Available data
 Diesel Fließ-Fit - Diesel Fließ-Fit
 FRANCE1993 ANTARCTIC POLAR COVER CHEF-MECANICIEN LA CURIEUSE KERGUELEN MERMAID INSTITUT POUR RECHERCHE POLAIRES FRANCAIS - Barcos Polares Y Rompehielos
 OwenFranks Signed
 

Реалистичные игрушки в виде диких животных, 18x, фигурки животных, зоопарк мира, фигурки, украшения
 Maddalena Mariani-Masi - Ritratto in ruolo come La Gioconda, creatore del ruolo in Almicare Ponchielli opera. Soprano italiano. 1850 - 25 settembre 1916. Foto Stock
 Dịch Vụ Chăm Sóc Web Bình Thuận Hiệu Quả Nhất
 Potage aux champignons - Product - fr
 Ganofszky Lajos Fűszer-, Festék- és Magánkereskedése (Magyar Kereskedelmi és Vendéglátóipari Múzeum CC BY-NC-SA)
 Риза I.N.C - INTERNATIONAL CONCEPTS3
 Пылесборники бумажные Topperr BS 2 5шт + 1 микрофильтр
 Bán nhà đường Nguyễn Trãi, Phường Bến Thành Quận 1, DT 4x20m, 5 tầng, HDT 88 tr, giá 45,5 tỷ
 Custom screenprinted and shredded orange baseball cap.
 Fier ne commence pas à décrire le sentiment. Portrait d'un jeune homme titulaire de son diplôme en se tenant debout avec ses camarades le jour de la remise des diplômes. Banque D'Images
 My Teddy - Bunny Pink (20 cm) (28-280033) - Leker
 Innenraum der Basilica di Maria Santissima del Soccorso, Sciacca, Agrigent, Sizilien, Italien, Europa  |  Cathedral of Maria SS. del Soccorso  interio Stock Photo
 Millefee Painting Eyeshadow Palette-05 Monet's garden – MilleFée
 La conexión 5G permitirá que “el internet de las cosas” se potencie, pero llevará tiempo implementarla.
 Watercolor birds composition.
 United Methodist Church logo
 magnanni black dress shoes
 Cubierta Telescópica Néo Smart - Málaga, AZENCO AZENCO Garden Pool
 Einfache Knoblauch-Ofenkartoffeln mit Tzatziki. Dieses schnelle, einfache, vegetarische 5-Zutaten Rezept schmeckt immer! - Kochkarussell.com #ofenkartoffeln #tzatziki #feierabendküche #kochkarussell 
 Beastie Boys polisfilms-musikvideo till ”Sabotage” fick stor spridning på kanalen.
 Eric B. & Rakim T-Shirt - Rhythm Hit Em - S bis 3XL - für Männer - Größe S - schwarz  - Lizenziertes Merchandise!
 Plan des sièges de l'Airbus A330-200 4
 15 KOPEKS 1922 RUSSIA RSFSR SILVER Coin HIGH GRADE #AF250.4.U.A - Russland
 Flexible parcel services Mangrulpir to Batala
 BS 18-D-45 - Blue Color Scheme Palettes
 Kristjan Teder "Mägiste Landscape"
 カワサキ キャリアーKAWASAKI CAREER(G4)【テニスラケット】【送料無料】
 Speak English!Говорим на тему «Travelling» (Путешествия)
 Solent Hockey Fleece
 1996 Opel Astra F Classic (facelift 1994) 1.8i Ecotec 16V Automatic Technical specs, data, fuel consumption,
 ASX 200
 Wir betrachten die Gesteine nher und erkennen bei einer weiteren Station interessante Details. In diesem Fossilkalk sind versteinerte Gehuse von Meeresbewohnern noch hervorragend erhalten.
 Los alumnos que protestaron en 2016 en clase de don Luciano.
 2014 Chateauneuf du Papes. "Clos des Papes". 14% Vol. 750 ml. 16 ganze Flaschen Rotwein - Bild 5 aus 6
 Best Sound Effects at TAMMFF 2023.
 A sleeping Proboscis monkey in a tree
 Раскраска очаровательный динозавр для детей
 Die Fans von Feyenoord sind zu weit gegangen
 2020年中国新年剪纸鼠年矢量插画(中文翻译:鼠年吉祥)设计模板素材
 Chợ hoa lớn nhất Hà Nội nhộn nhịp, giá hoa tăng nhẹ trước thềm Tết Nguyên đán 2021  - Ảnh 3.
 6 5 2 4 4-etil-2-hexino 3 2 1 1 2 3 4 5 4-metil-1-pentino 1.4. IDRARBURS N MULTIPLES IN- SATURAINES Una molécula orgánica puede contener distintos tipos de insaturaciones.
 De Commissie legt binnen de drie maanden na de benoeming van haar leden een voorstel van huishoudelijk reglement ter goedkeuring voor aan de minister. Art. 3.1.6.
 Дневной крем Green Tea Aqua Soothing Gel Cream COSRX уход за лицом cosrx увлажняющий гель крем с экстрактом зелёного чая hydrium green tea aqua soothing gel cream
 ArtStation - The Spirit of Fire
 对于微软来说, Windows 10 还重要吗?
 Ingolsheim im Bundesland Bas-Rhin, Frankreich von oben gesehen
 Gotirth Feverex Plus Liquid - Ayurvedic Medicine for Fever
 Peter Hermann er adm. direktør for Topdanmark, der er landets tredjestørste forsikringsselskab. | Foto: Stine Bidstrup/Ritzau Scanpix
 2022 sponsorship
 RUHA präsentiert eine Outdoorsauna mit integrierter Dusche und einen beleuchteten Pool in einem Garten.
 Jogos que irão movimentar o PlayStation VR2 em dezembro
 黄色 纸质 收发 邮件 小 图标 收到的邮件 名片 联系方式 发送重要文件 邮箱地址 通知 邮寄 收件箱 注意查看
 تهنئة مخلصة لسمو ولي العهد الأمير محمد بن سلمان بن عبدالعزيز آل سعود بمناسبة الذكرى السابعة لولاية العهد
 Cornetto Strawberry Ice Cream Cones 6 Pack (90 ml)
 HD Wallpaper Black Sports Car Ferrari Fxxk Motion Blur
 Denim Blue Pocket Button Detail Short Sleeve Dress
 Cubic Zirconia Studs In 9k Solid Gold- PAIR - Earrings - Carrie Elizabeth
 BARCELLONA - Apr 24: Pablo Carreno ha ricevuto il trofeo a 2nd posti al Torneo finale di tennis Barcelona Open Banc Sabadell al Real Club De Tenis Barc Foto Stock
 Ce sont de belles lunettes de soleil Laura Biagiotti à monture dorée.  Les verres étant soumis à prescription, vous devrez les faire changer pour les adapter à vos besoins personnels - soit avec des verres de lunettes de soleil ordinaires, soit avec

What to produce
If a line in the data holds the word "Foto", count it, then state the total alone.

Output of the exercise
3